И вообще, недоумевал менеджер нововведений, откуда у тебя в голове этот лай взялся? Если уж хочется оригинальничать за счет «ПиарИмперии», выбирай что-либо попроще и подешевле, не столь серийное. Твой бывший сосед по офисной клетке занялся вот, например, нетрадиционными ритуальными мероприятиями и сразу пошел в рост. Мемориалы у нас ширятся, склепы растут, а традиционно лежать как-то скучновато. Светящиеся в ночи эпитафии делают погост не таким и гнетущим. Привилегированные кладбища выглядят теперь подобием веселых зарекламленных улиц, вызывают правильные ассоциации. А поминки с виновником торжества, вертикально замороженным в ледяном столбе, и погребение в нашем морозильнике с гарантией воскрешения при условии исправного поступления сумм на счет? «Пиар-Империя» славится оригинальным, эксклюзивным, персональным товаром для избранных персон, а не массовым лаем, за который ты ратуешь. Ещё хуже поступила офисная переводчица, дословно расшифровав иностранному инвестору название новой обуви как «ссученные ноги».

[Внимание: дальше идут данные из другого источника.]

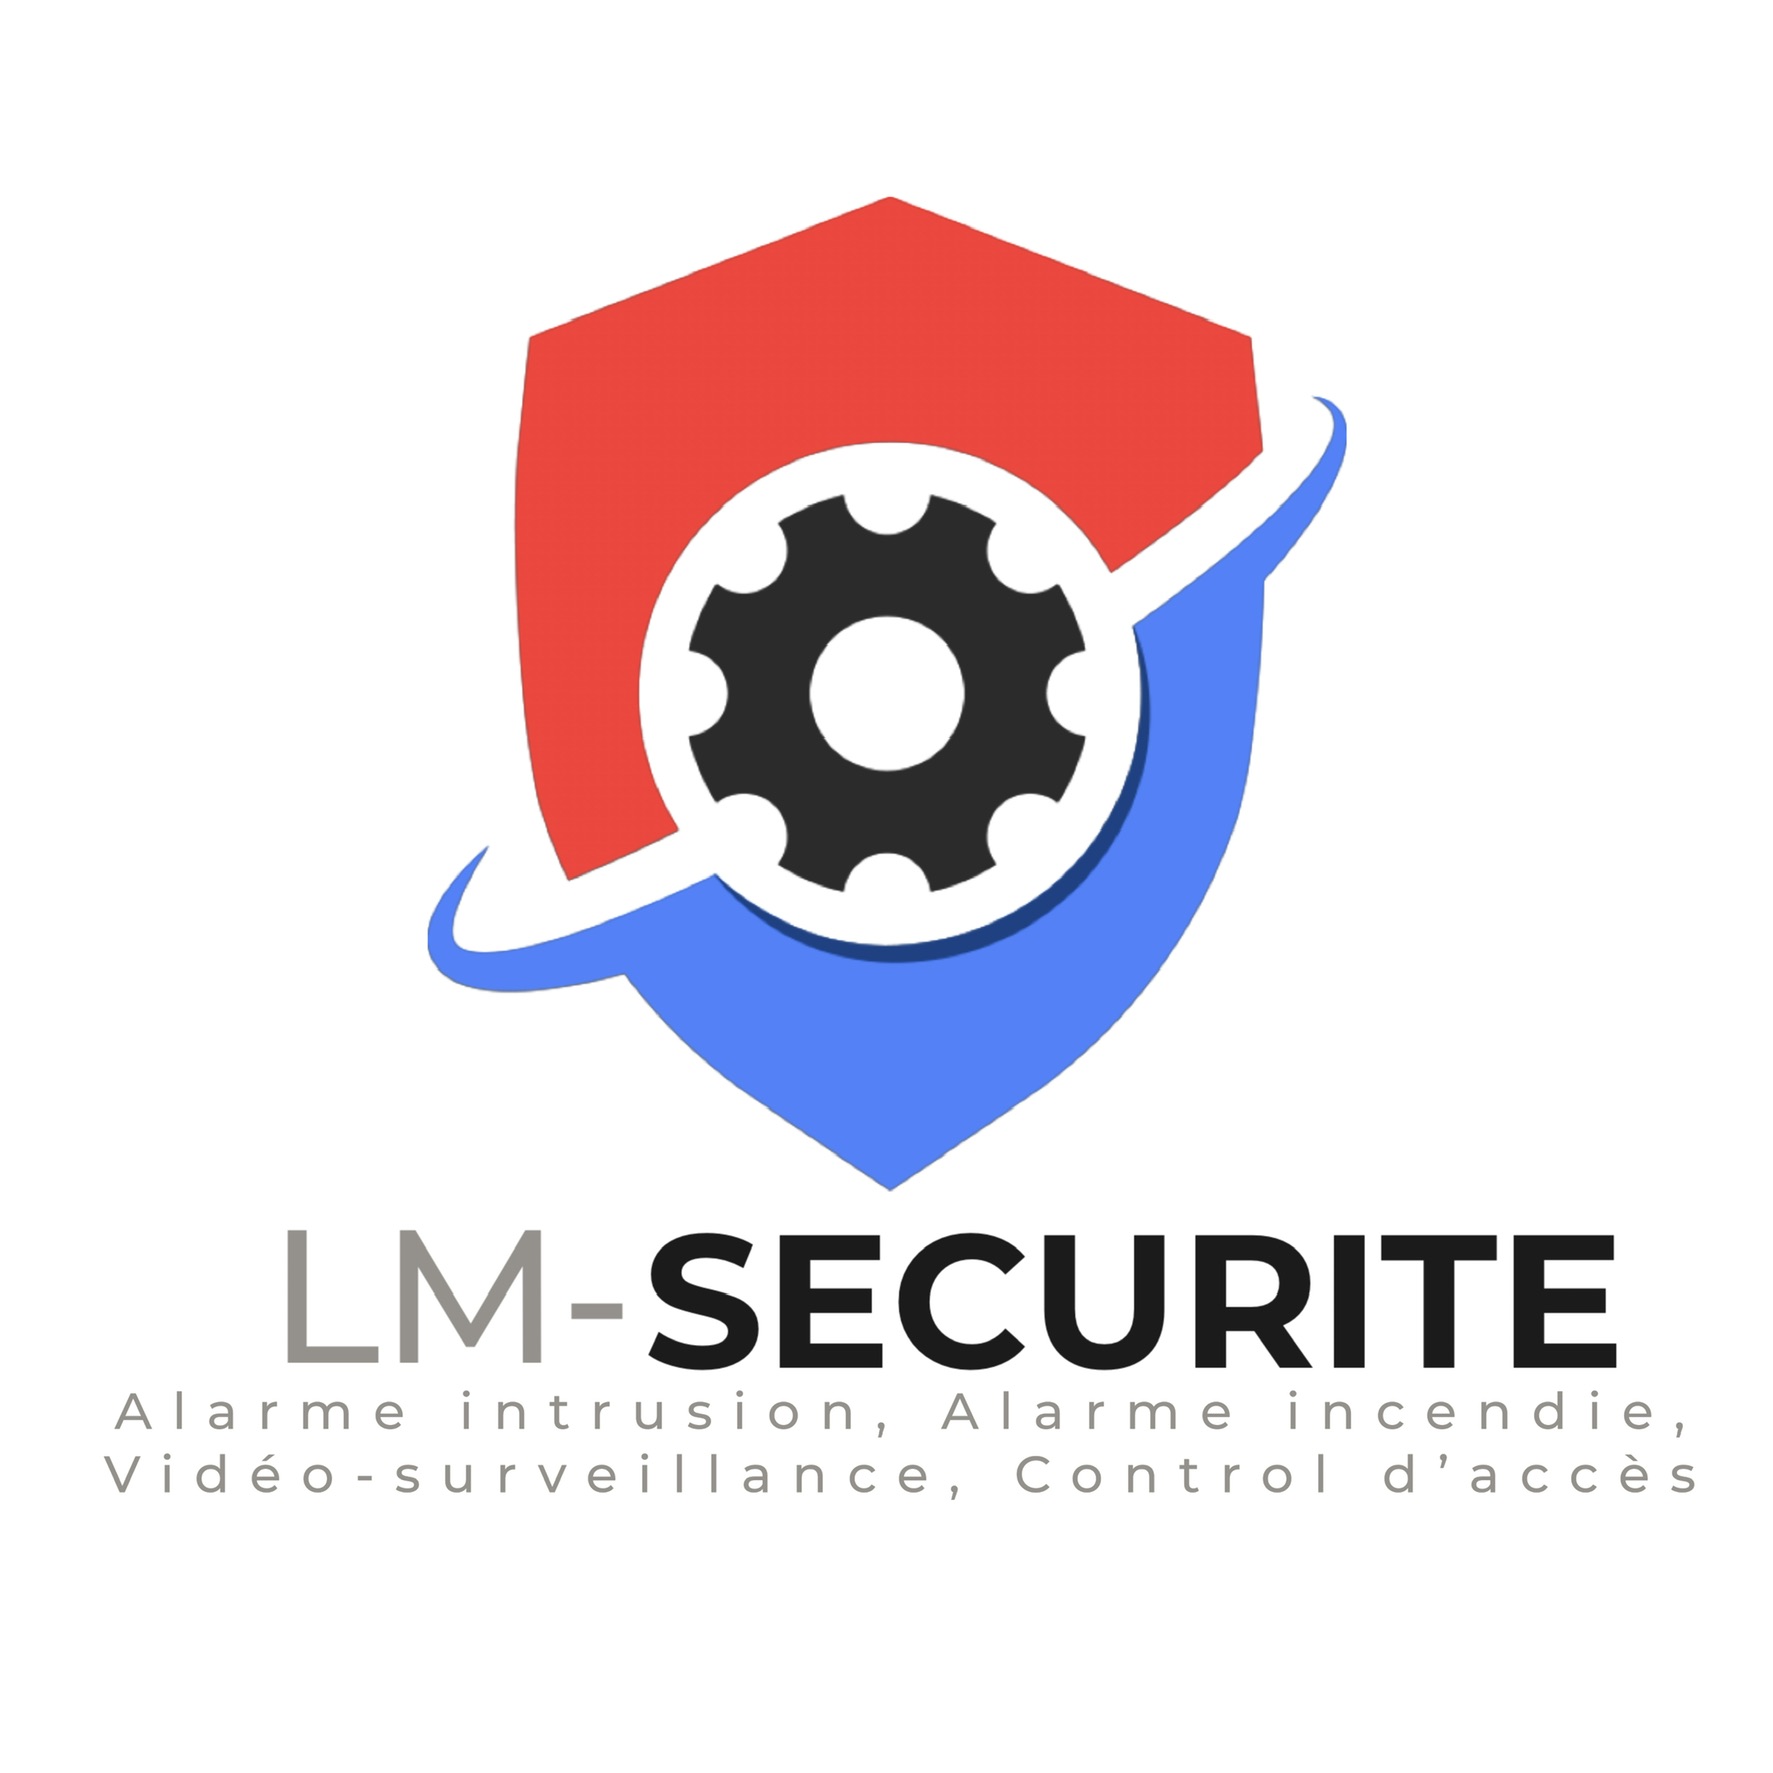 LM-SECURITE

«Вы задумывались, насколько наши собаки отличаются от нас?» – вообще-то все началось с этого вопроса, висящего на стене вагона метро в рекламе сучьей

пищи. Самые важные проблемы часто прыгали на тебя прямо из рекламы и подолгу оставались в голове. Те самые, от решения которых зависит весь смысл жизни. Именно поэтому ты и устроился в «ПиарИмперию». Чтобы самому их формулировать.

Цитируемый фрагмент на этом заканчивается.